## Required work
From the data below, please reproduce exactly everything from the line that contains "Set of 2 Gunnar" down to the line that contains "Blem Meaning What", with both ends included.

## Extracted information
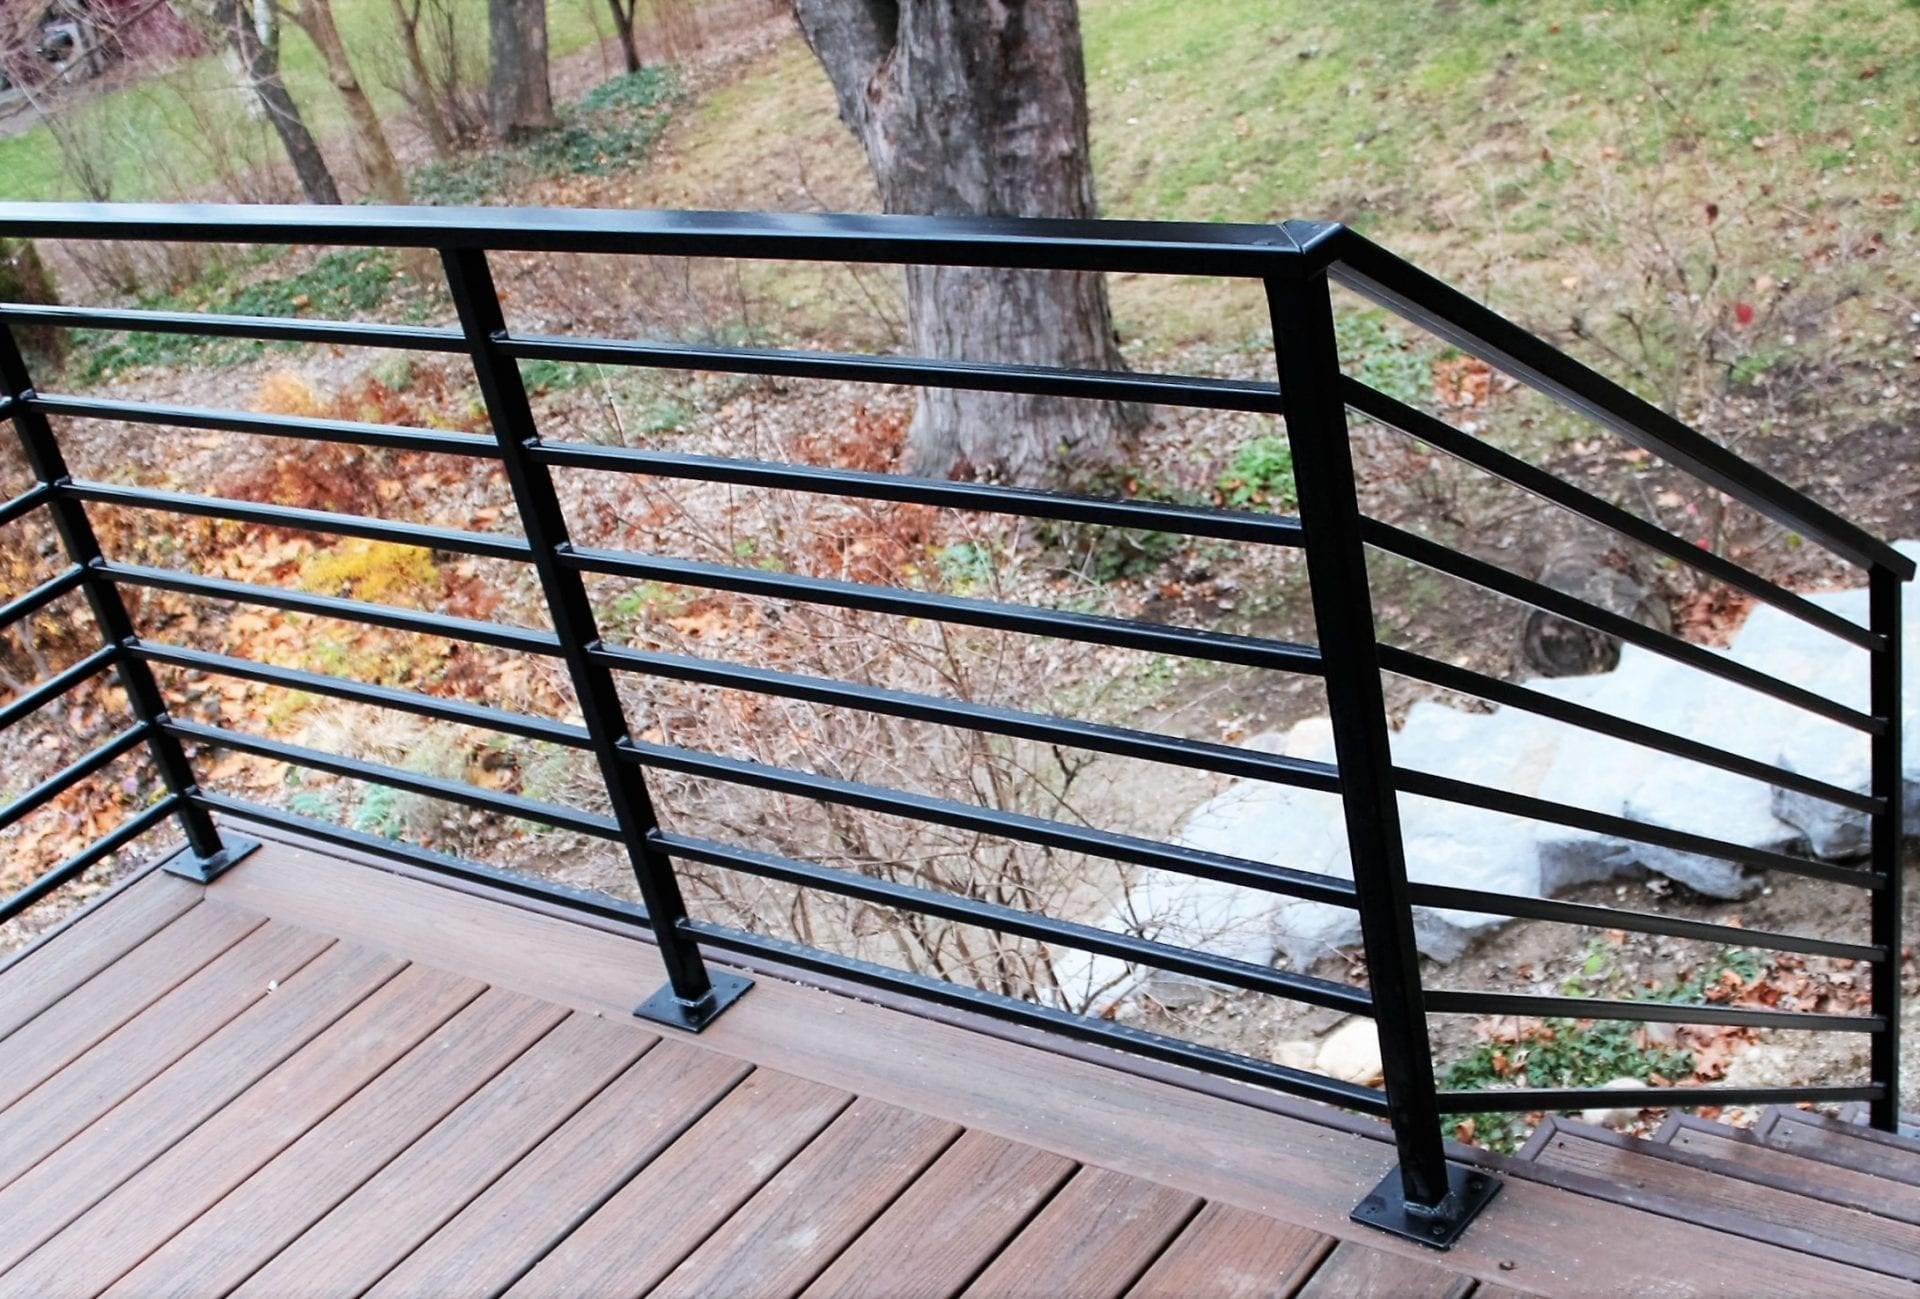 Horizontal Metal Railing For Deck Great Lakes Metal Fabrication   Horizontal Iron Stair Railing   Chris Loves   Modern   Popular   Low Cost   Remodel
==
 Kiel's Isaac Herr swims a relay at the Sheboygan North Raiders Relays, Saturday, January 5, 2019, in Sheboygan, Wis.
---
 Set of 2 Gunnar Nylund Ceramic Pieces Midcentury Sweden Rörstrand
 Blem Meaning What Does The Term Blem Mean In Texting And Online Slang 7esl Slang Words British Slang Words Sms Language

## Response to the exercise
 Set of 2 Gunnar Nylund Ceramic Pieces Midcentury Sweden Rörstrand
 Blem Meaning What Does The Term Blem Mean In Texting And Online Slang 7esl Slang Words British Slang Words Sms Language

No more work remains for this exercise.